The following diagram illustrates how Agentless Scanning works:

Diagram showing how Agentless Scanning works
  1. Datadog schedules automated scans in 12-hour intervals and sends the resources to scan through Remote Configuration.
  2. For serverless functions (such as AWS Lambda), the scanners fetch the function’s code.
  3. The scanner creates snapshots of volumes used in running VM instances. Using the snapshots or the function code, the scanner generates an SBOM (a list of packages and dependencies).
  4. The SBOM and host metadata are transmitted to Datadog. All other data—including snapshots, disk contents, and container images—remains in your infrastructure. Snapshots are deleted.
  5. Datadog uses the SBOM to identify known vulnerabilities in your resources.

This architecture provides:

  • Data privacy: Your disk contents, container images, and sensitive data stay within your cloud account. Only package metadata (the SBOM) is transmitted to Datadog.
  • Data residency: No data crosses an account boundary into Datadog’s infrastructure, simplifying compliance with data sovereignty requirements.
  • Compliance: Auditors can verify that scanning data remains within your perimeter.

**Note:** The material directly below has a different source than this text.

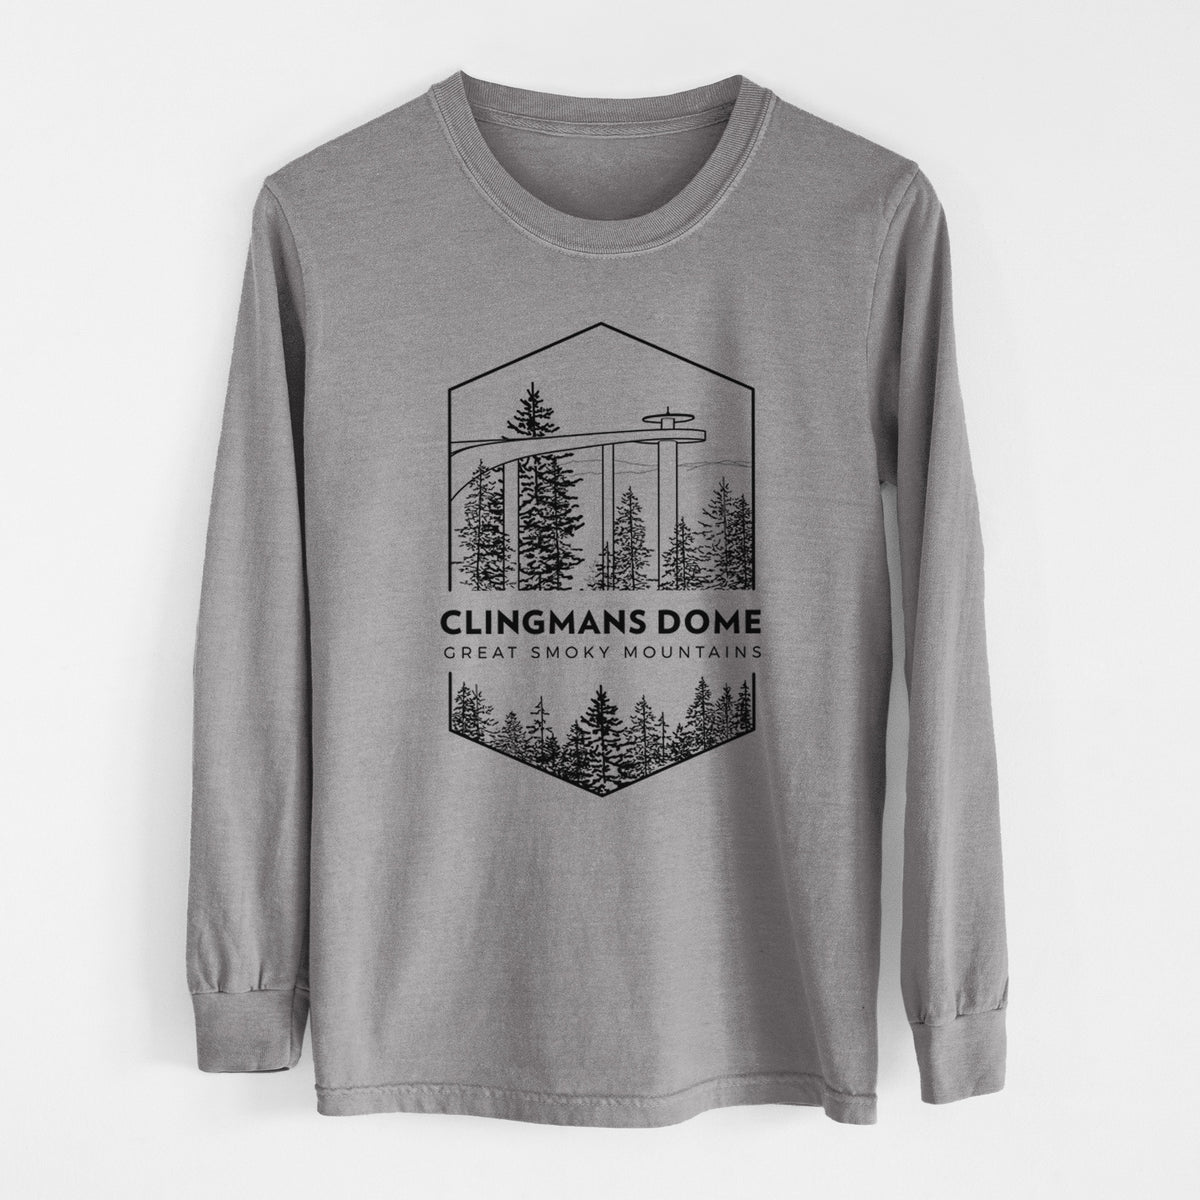 Clingmans Dome - Great Smoky Mountains National Park - Heavyweight 100% Cotton Long Sleeve

For more information on data privacy, see What data is sent to Datadog.

  • The scanner operates as a separate virtual machine within your infrastructure, ensuring minimal impact on existing systems and resources.
  • For AWS, scanner instances automatically scale based on workload. When there are no resources to scan, scanners scale to zero to minimize cloud provider costs.
  • The scanner securely collects a list of packages from your hosts without transmitting any confidential or private personal information outside your infrastructure.
  • The scanner limits its use of the cloud provider API to prevent reaching any rate limit, and uses exponential backoff if needed.
  • Scanner instances are automatically rotated every 24 hours, ensuring they run the latest images.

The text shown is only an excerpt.